Quite closely I think, exiting after an executed for loop.

 > I have written (haha) the following "test case":
 > 
 > % cat returntest.c
 > main() {
 >         int i, j;
 >         for(i = 0, j = 0; i < 100; i++)
 >                 j += i;
 > }
 > 
 > There are two "error" in it: main() doesn't have a return
 > type assigned, so per standard (int) will be assumed.
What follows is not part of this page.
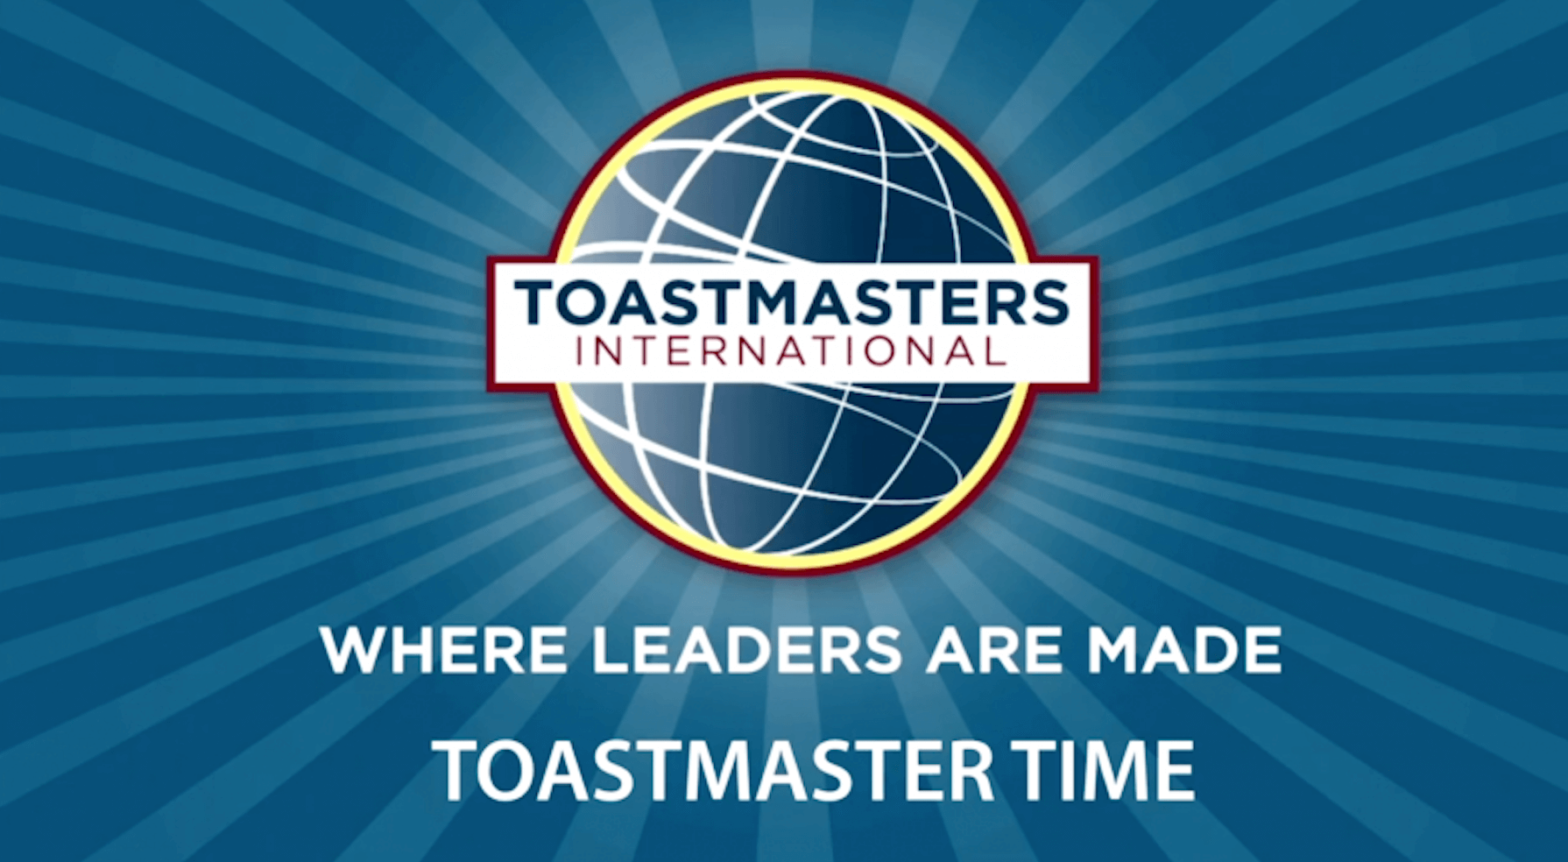 Toastmasters Everything You Need To Know Before Joining Keynote Speaker

And
 > there is no return statement.
 > 
 > Compiler is system's gcc (older system, obviously):
 > 
 > % cc -Wall -o returntest returntest.c 
 > returntest.c:1: warning: return type defaults to 'int'
 > returntest.c: In function 'main':
 > returntest.c:5: warning: control reaches end of non-void function
 > 
 > This is what we expect.
 > 
 > But the program can be run, and we see:
 > 
 > % ./returntest ; echo $?
 > 99
 > 
 > The return code is somehow assigned to the 'i' variable.
 > Why? Probably because it's stored in a register, and this
 > register is being used by the exit() and _exit() chain to
 > represent the return code.
 > 
 > Funnily, when the program is modified:
 > 
 > main() {
 >         int i, j;
 >         for(i = 0, j = 0; i > -100; i--)
 >                 j += i;
 > }
 > 
 > The compiler warnings are the same. This is the result now:
 > 
 > % ./returntest ; echo $?
 > 157

Not funnily, indicatively; 157 = 0x9d. -99 = 0xffffff9d, as an int.
Exit codes would thus appear to be truncated to 0-255 unsigned.

If you swapped assignments of i and j, I suspect you may get
the unsigned value of the low byte of j as exit code instead?

 > None of them looks like an implicit "return 0;". I am not
 > judging Harbison & Steele, I'm just observing things. :-)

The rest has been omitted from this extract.